I wore a thin mask of moulded plastic on my face, to obscure my identity, or rather, to create a new, more visibly prominent identity. I stripped off my shoes and learned to walk barefoot across broken glass and needles with nothing to see by aside from the moon and broken streetlights.
We had names that only we could understand, like Topography Girl and The Brothers With Knives For Fingers. We had strange pets, like cats that could puke deadly acid, or a pig with wings. Sister Sardonic had three ferrets with pale blue eyes and a taste for cop blood.
We cast magic spells in the dark and we rode atop the trolley-buses. We tip-toes atop electrical wires, the thick black chords curving up to meet our feet with all the comfort and ease of the sidewalk.

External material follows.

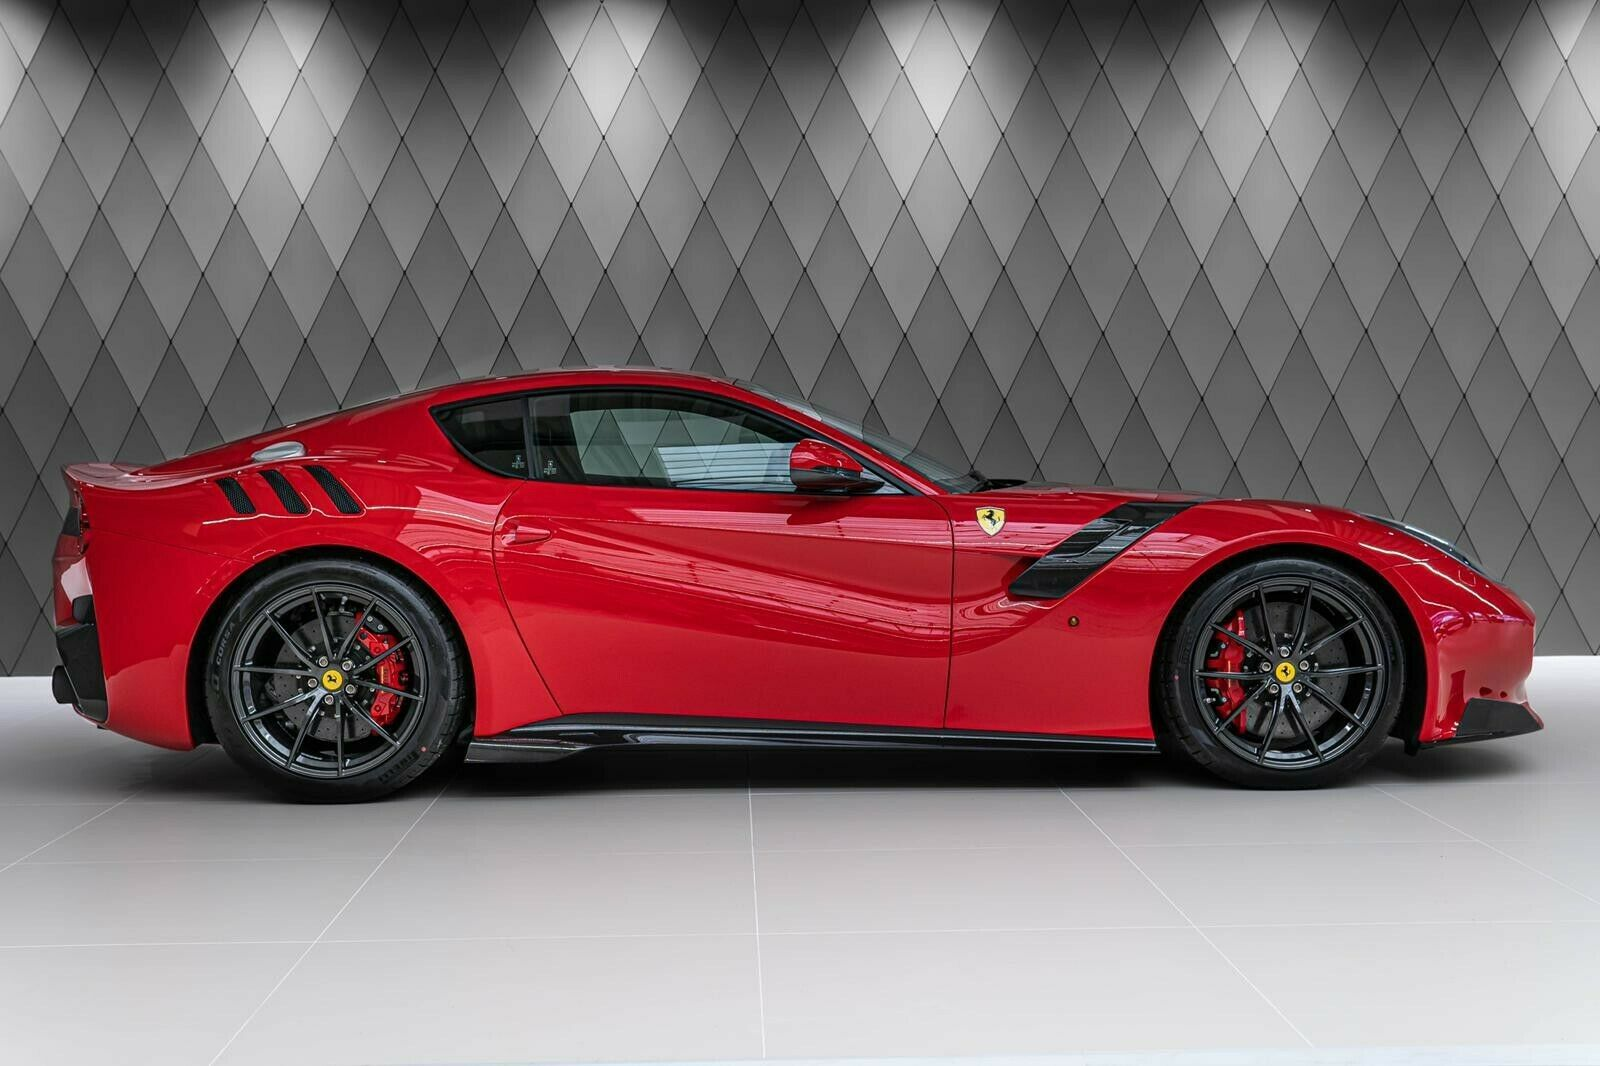 For Sale Ferrari F12 Tdf Luxury Cars Hamburg Germany For Sale On Luxurypulse Ferrari F12 Ferrari F12 Tdf Ferrari

I wore a white mask, and I kept my brothers and sisters safe from harm. We stole what we needed to survive, and skinned any adults who thought to cross our paths. We lived not ahead of the law, but in its blindspot, right in close to the heart of the beast men called Proper Society.
We were free.
We were lost, all of us were, but we were free.
All Her Truths Between Us Now
“How did we get moving so fast?” I try to ask her over the friction of us burning like match-heads against the wind. I feel the sensation of molecules burnings against my flesh, I can feel myself ready to ignite from motion.
She grins at me like she’s biting off my head after fornication.
She grins at me, all sugary syrups and sharp little teeth and blood-kissed lipsticks.
I’ve never seen her lips stick on anything that wasn’t dangerously full of drugs or the potential for love or violence. I’ve never heard her sing a song that wasn’t about fucking or kill or gouging away or smoking up.
The car is shaking like it could fly apart, a satellite dissolving as it enters earth’s atmosphere. The condom is starting to melt, threatening to allow my cock to coast along the interior of her cunt without anything between us.
“The only thing that’s ever stood between us is the truth,” she tells me, just as the whole thing starts to break into its component pieces - our relationship reduced to a hail of birdshit in the rain.
And I can tell that, now, when her naked body is rubbing up against mine at speeds like these; she’s right, she’s right, she’s a thousand times right.
The only things that’s between us anymore is the truth.
The Truth, a young stripper we picked up three miles back, looks up from my lap and into hers. She’s stretched out between us like a sex toy, like a novelty for the purpose of orgasms, like a trusted friend without a word to add to the conversation.
The background blurs invisible.
We drive on and on and on and on an’ on an’ on an on anon.